Gas producers in Norway, Algeria, and especially, Russia, encouraged this pricing scheme. They, and their government treasuries, understood oil markets and thus could use the same concepts to negotiate gas sales contracts. During the period when oil and gas prices in the US largely tracked each other, on an energy equivalent basis, this system suited both buyers and sellers. However, once oil prices began to rise in 2008, the spread between oil and gas prices has widened dramatically. For example, when oil prices are $120/ bbl, the theoretical energy equivalent gas price should be $20/MMbtu. Gas prices have been a quarter of that level for the past few years. This discrepancy is encouraging buyers of oil-linked gas contracts to question the value of linking the price of the commodities. During the same period, Europe witnessed the construction of many LNG import facilities operated by aggressive trading or utility companies motivated to source cheaper (and at prices not linked to oil prices) LNG volumes, displacing the comparatively expensive pipeline gas for the traditional suppliers (Norway, North Africa,and Russia) who have been reluctant to drop their oil price linkage.

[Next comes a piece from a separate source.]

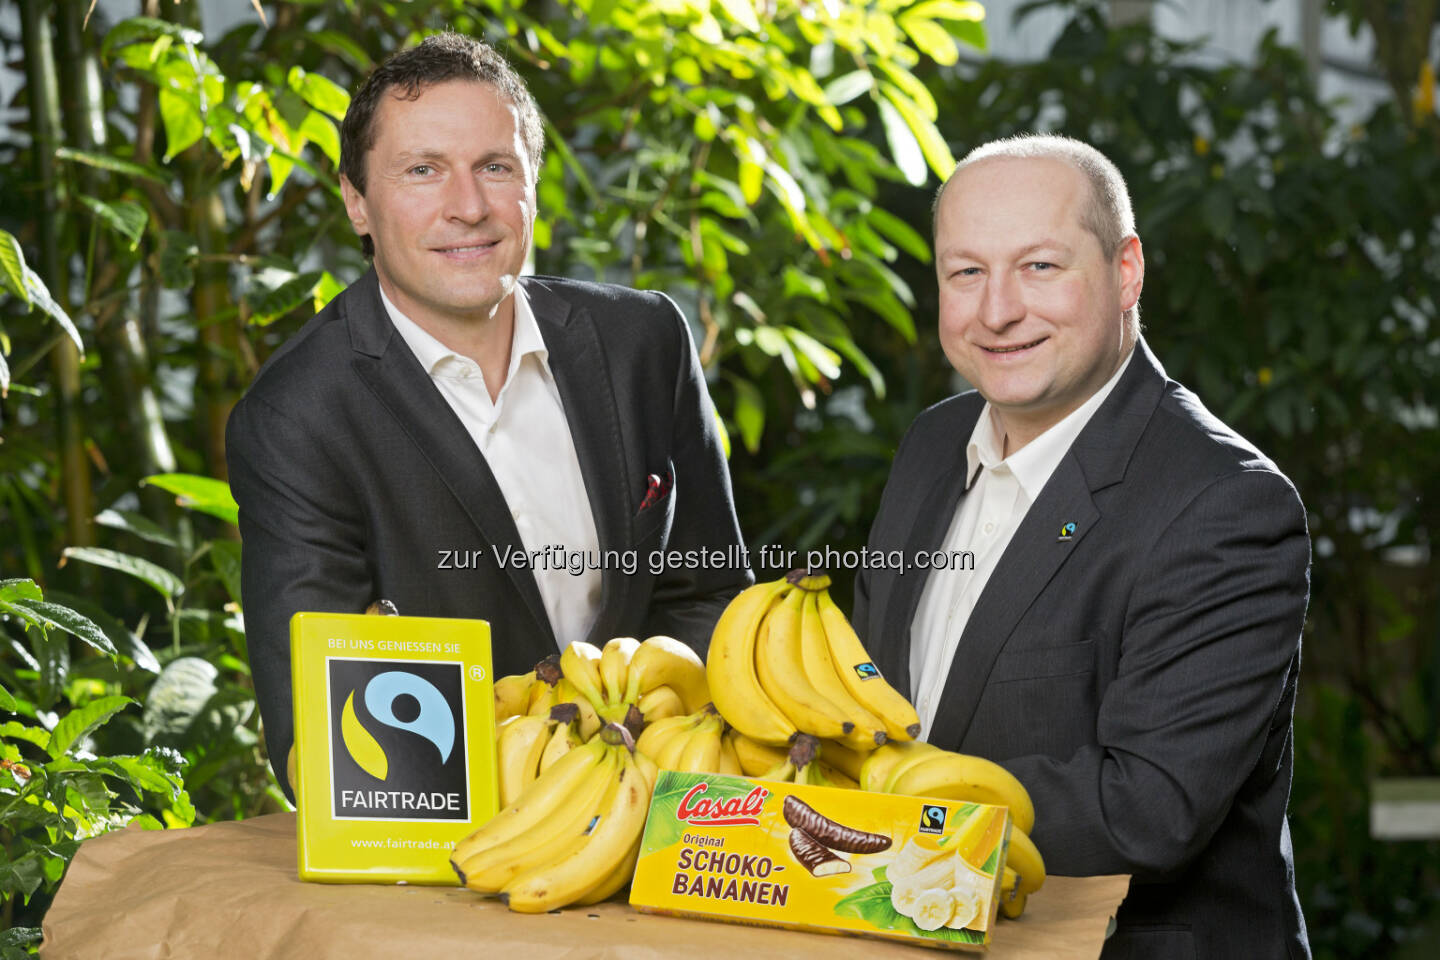 Ulf Schöttl, Marketingleiter Manner und Hartwig Kirner, GF Fairtrade: Josef Manner & Comp. AG: Casali-Schoko-Bananen ab sofort Fairtrade zertifiziert

As the number of buyers and sellers of gas in these markets increase, the link to oil prices will weaken and, in time, this markets in this group will begin to resemble the more liberal and open ‘gas-on-gas’ markets of Group 1.
This group is characterised by the traditional LNG markets of north Asia, especially Japan. Japan has very limited energy resources and does not have the ability to import gas by pipeline. Almost all of Japan’s gas is delivered to the islands via LNG. The LNG was initially sourced from Alaska and south-east Asia but current suppliers also include the Middle East and Australia.
Prior to the introduction of LNG, Japanese power utilities relied on imported crude oil and coal for their power generation. Similar to the European experience, these risk-averse buyers insisted on a guaranteed discount to convince them to substitute liquid and solid fuel for LNG sourced from potentially instable and risky countries such as Indonesia and Malaysia. The 1973 oil shock convinced them to take a chance on this new fuel, but only if the prices are linked to oil and guaranteed a discount at all oil prices. They also wanted a ceiling concept to be introduced to that future oil shocks would not translate into higher gas prices.
The solution was the innovative ‘S’ curve concept as shown in the diagram below:
The horizontal axis is the weighted average of Japan crude oil import price, known as the Japan Crude Cocktail (JCC) price. This protected Japan against regional crude oil price shocks since Japan imports oil from Middle East, south-east Asia, South America, and Africa. The vertical axis is the imported LNG price.
The middle section of the line is the range where changes in the JCC have a direct impact on LNG prices. The slope of the line determines the relationship between the two prices. If the slope is 16.7%, LNG prices are equal, on an energy equivalent basis, to crude oil. Slopes less than 16.7% imply that LNG is sold at a discount to oil, and slopes greater than 16.7%, though rare, imply that LNG will sell at a premium price to oil.
In the 1970s to 2000 period, the slope was in the 14% range, implying a large LNG price discount. As the markets tightened in the period between 2006 and 2008, the slope increased to 16% and in some cases, exceed the 16.7% threshold. The slope for new LNG contracts signed in 2011 is in the 15% range.
The lower slope sections below and above the ‘kink points’ in the line are the ‘S’ curve legs. If these sections are horizontal, they would be ‘floor ‘and ‘ceiling’ prices where the LNG prices are flat and no longer linked to oil prices. The floor prices protect the LNG seller – the seller is guaranteed a certain minimum price irrespective if the oil prices drop below the kink-point. The ceiling price, on the other hand, protects the LNG buyer, who is guaranteed a maximum price for the LNG, even if oil prices rise over the defined kink-point. The ‘S’ curve model has been followed by most of the LNG contracts to Japan, Korea and Taiwan. This model allowed long-term contracts and financing arrangements that facilitated multi-billion dollar investments in LNG chain.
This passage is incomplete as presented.